Weakly supervised learning from images and videos - Robotics Institute Carnegie Mellon University
Loading Events

VASC Seminar

May

27
Wed
Cordelia Schmid INRIA Research Director INRIA
Wednesday, May 27
11:00 am to 12:00 am
Weakly supervised learning from images and videos

Event Location: NSH 1305
Bio: Cordelia Schmid holds a M.S. degree in Computer Science from the University of Karlsruhe and a Doctorate, also in Computer Science, from the Institut National Polytechnique de Grenoble (INPG). Her doctoral thesis on “Local Greyvalue Invariants for Image Matching and Retrieval” received the best thesis award from INPG in 1996. She received the Habilitation degree in 2001 for her thesis entitled “From Image Matching to Learning Visual Models”. Dr. Schmid was a post-doctoral research assistant in the Robotics Research Group of Oxford University in 1996–1997. Since 1997 she has held a permanent research position at INRIA Rhone-Alpes, where she is a research director and directs the INRIA team called LEAR for LEArning and Recognition in Vision. Dr. Schmid is the author of over a hundred technical publications. She has been an Associate Editor for IEEE PAMI (2001–2005) and for IJCV (2004–2012), editor-in-chief for IJCV (2013—), a program chair of IEEE CVPR 2005 and ECCV 2012 as well as a general chair of IEEE CVPR 2015. In 2006 and 2014, she was awarded the Longuet-Higgins prize for fundamental contributions in computer vision that have withstood the test of time. She is a fellow of IEEE. In 2013, she was awarded an ERC advanced grant on “Active Large-scale LEarninG for visual RecOgnition”

Abstract: With the amount of on-line available digital content growing daily, large-scale, weakly supervised learning is becoming more and more important. In this talk we present some recent results for weakly supervised learning from images and videos.

Standard approaches to object category localization require bounding box annotations of object instances. This time-consuming annotation process is sidestepped in weakly supervised learning, where the annotation is restricted to binary labels that indicate the absence/ presence of object instances in the image. Our main contribution is a multi-fold multiple instance learning procedure, which prevents training from prematurely locking onto erroneous object locations. We also propose a window refinement method, which improves the localization accuracy by incorporating an objectness prior.

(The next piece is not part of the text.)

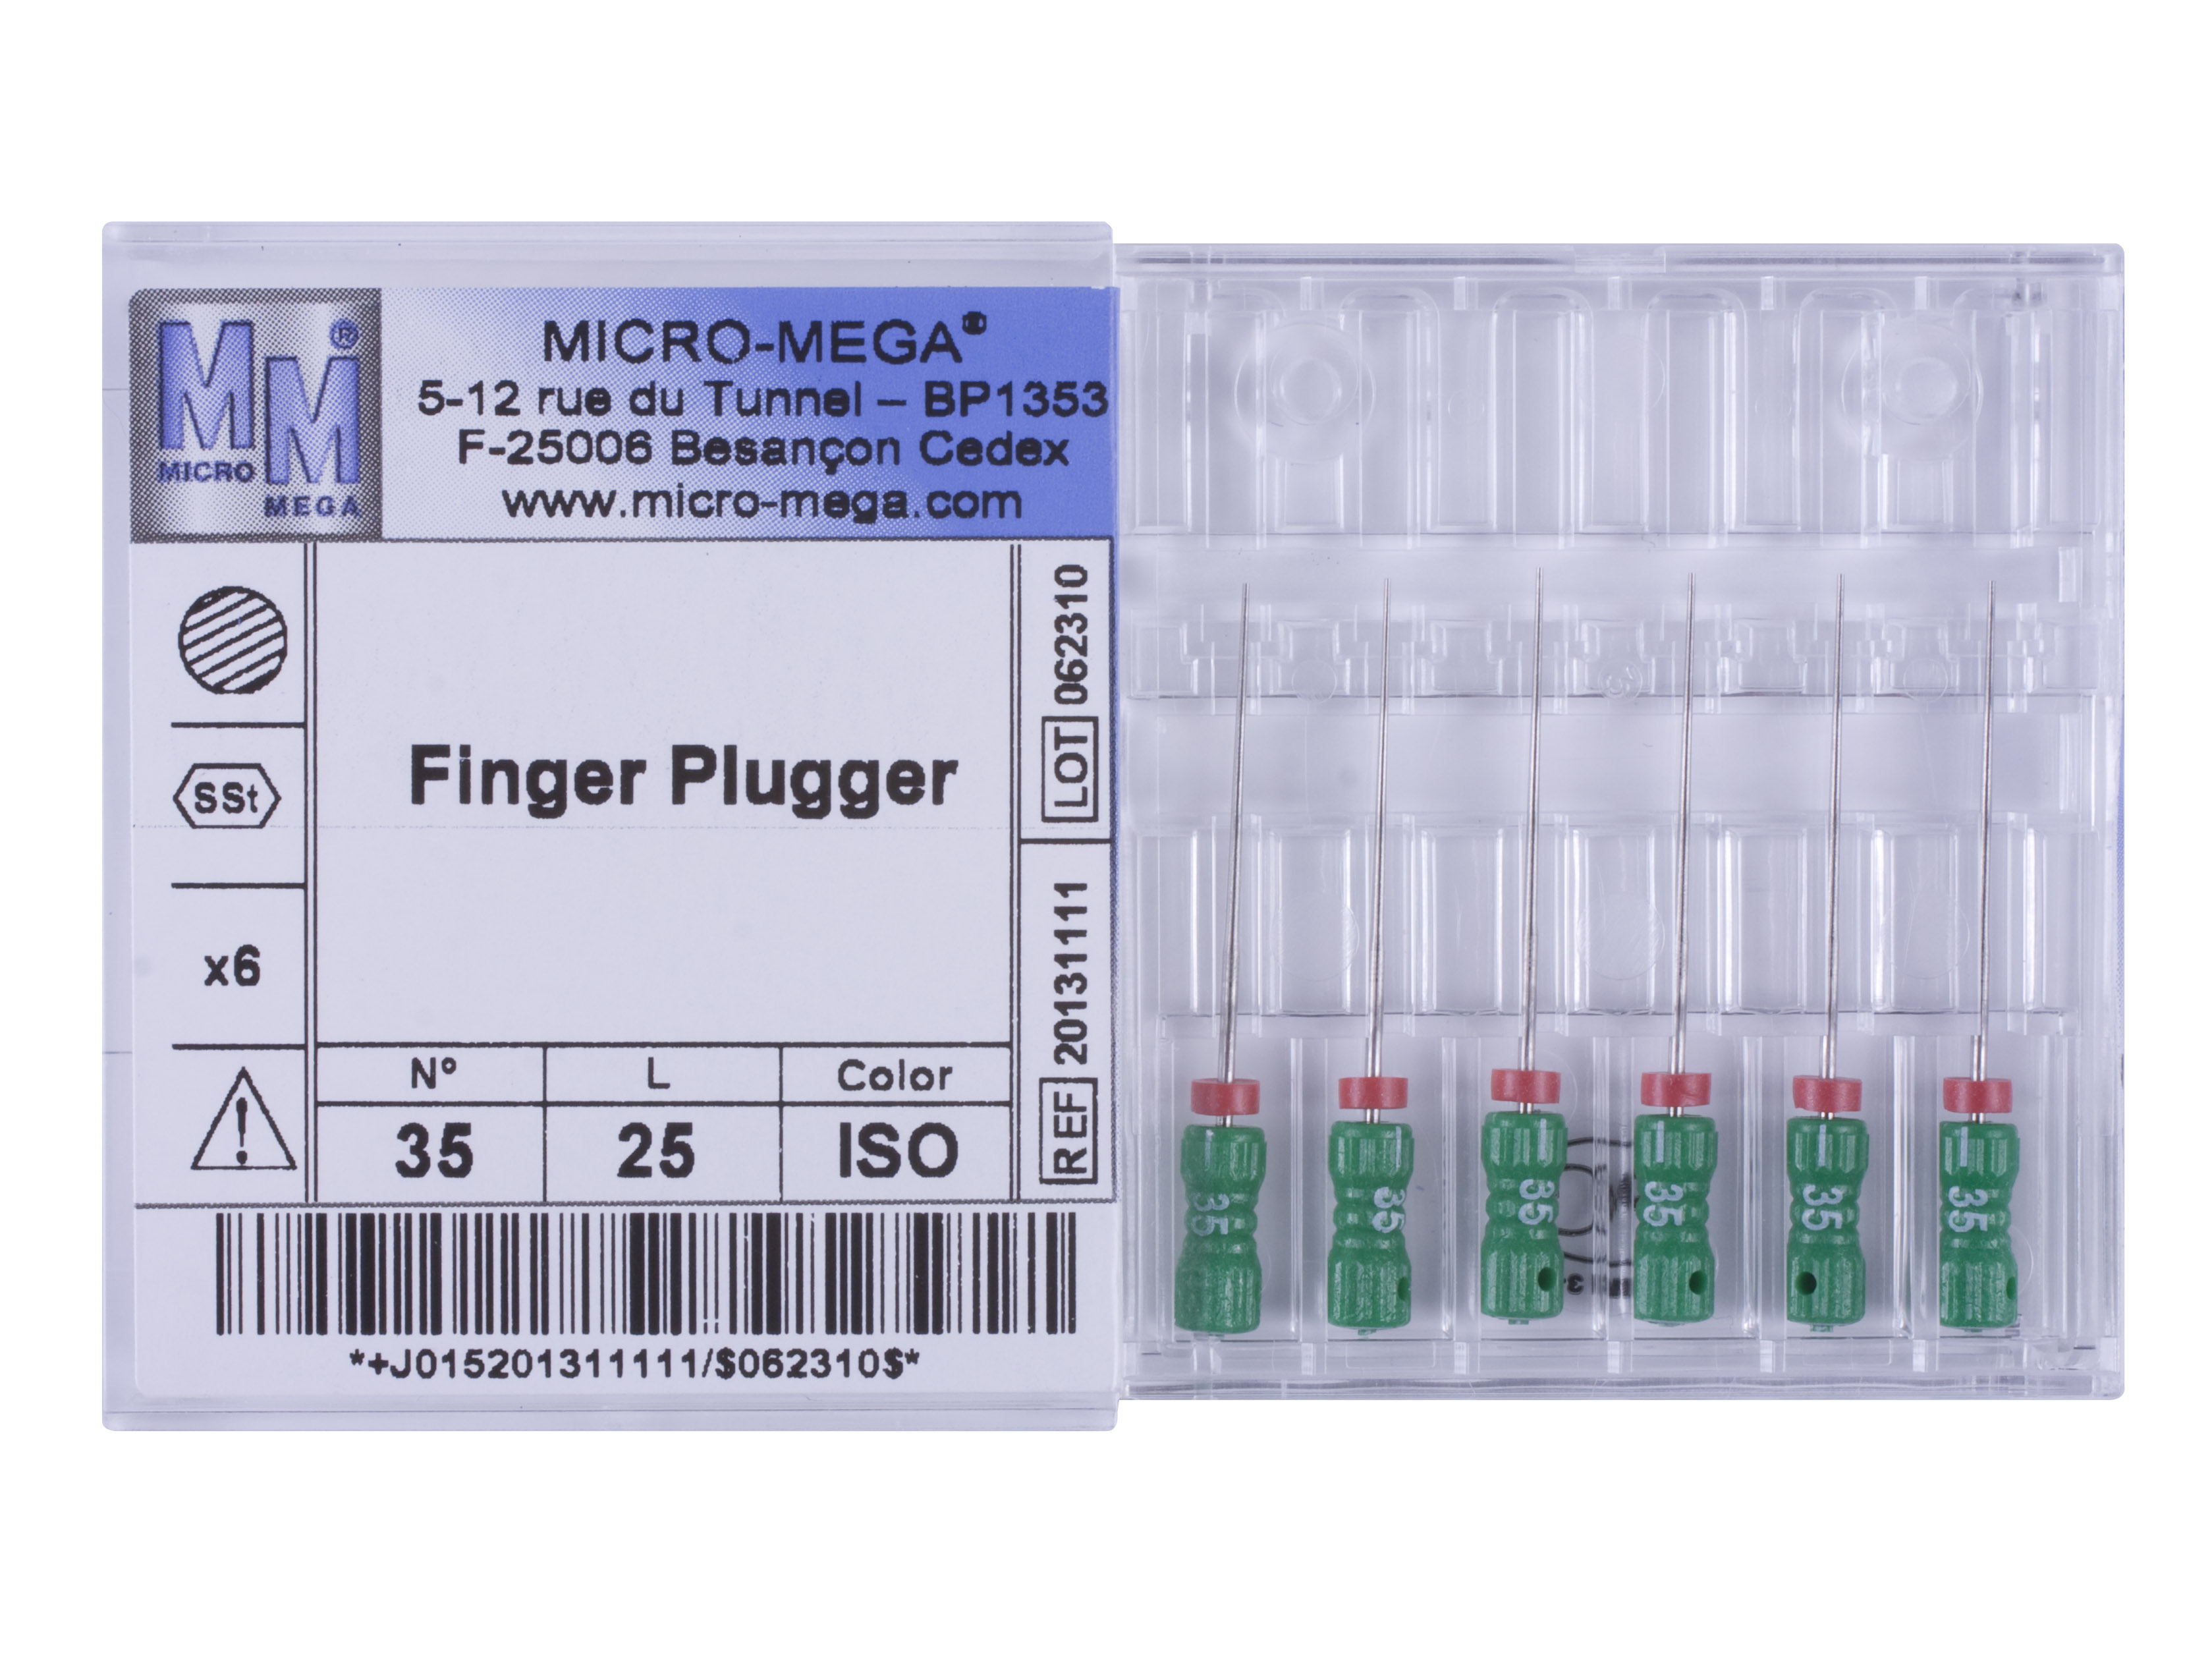 Finger Plugger n35 L25 2% (steel) - инструменты эндодонтические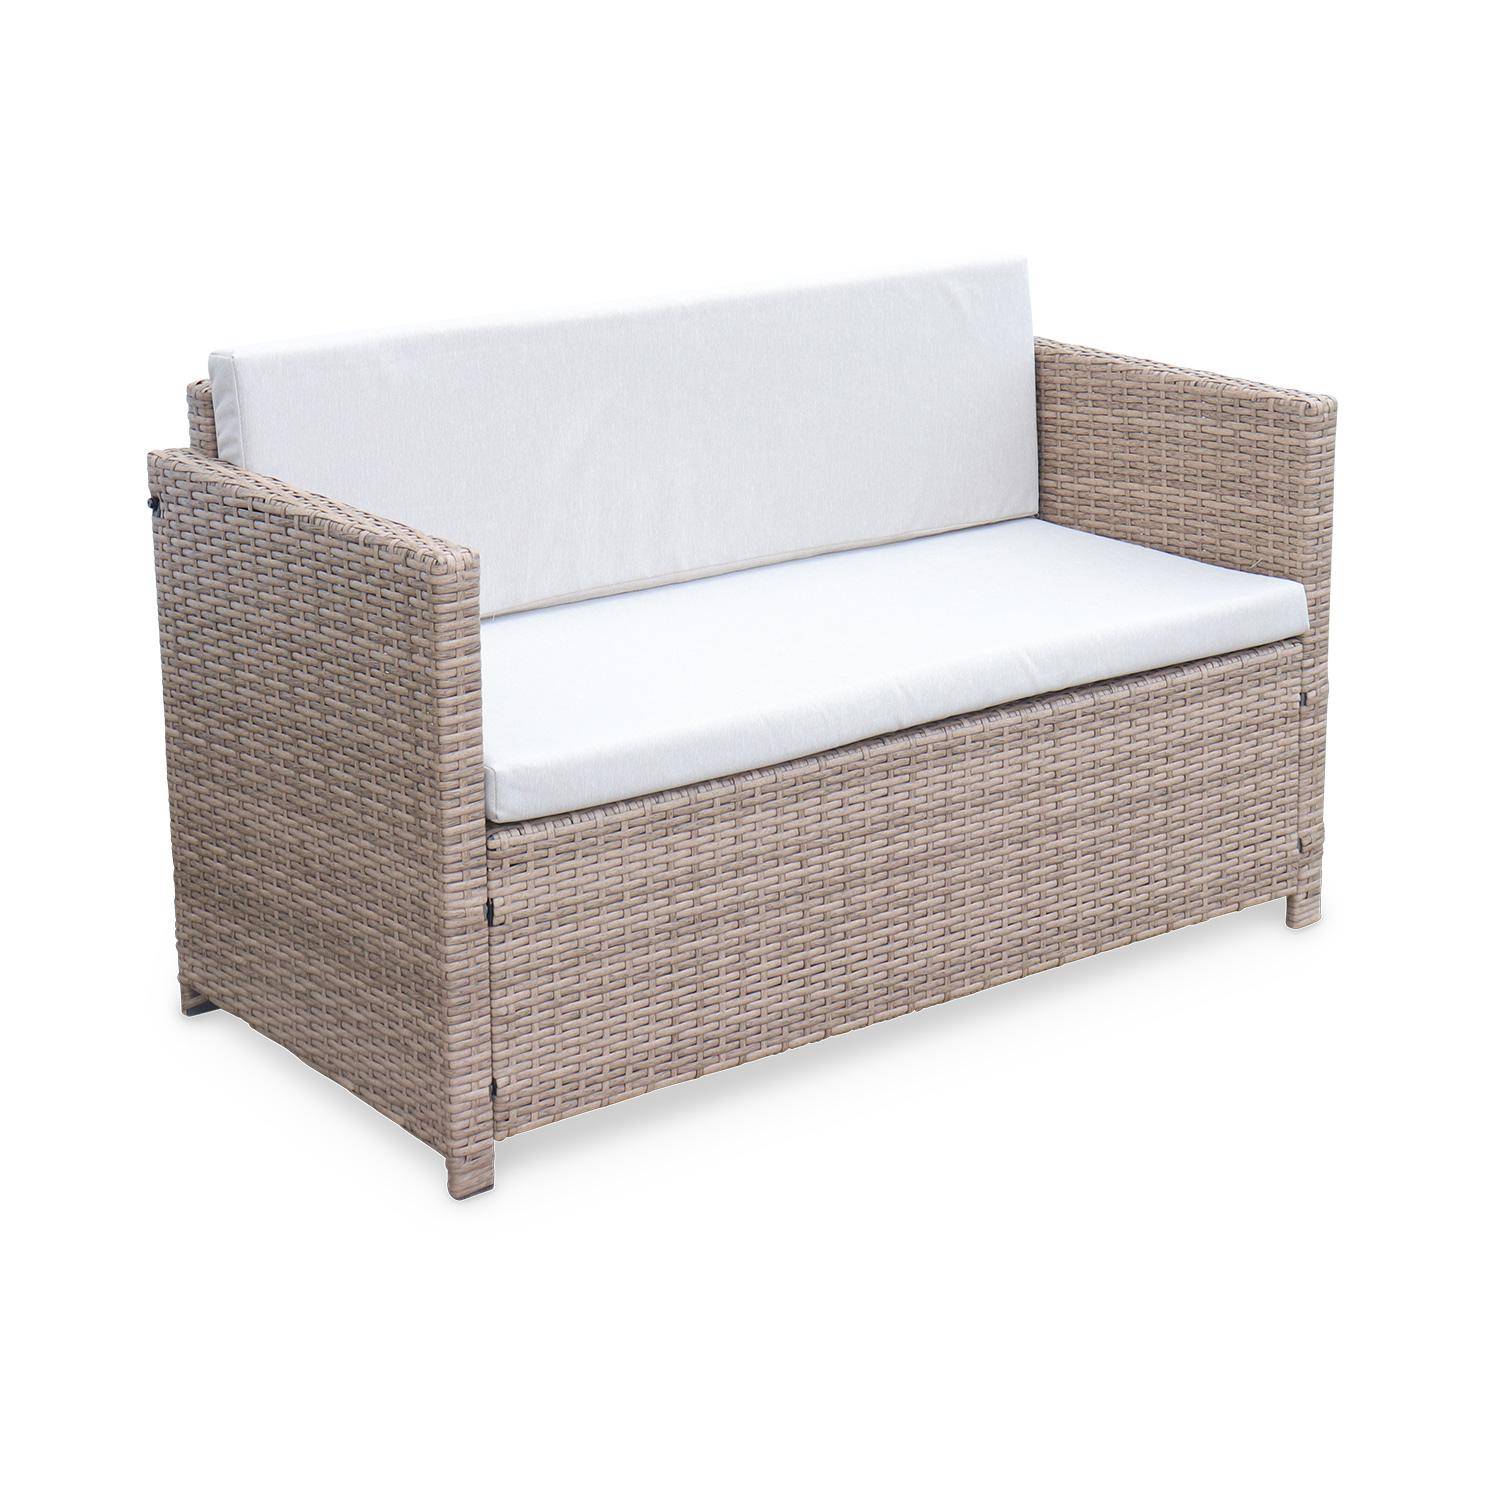 4-seater polyrattan garden sofa set - sofa, 2 armchairs, coffee table - Perugia - Natural Beige rattan, Beige cushions,sweeek,Photo5

We, then, show how to move towards unsupervised discovery and localization of dominant objects from a noisy image collection of multiple object classes. The setting of this problem is fully unsupervised, without even image-level annotations or any assumption of a single dominant class. We tackle the discovery and localization problem using a part-based matching approach considering both appearance similarity and spatial consistency of candidate regions. Dominant objects are discovered and localized by comparing the scores of candidate regions and selecting those that stand out over other regions containing them.

Finally, we present work on learning object detectors from realworld web videos known only to contain objects of a target class. We propose a fully automatic pipeline that localizes objects in a set of videos of the class and learns a detector for it. The approach extracts candidate spatio-temporal tubes based on motion segmentation and then selects one tube per video jointly over all videos.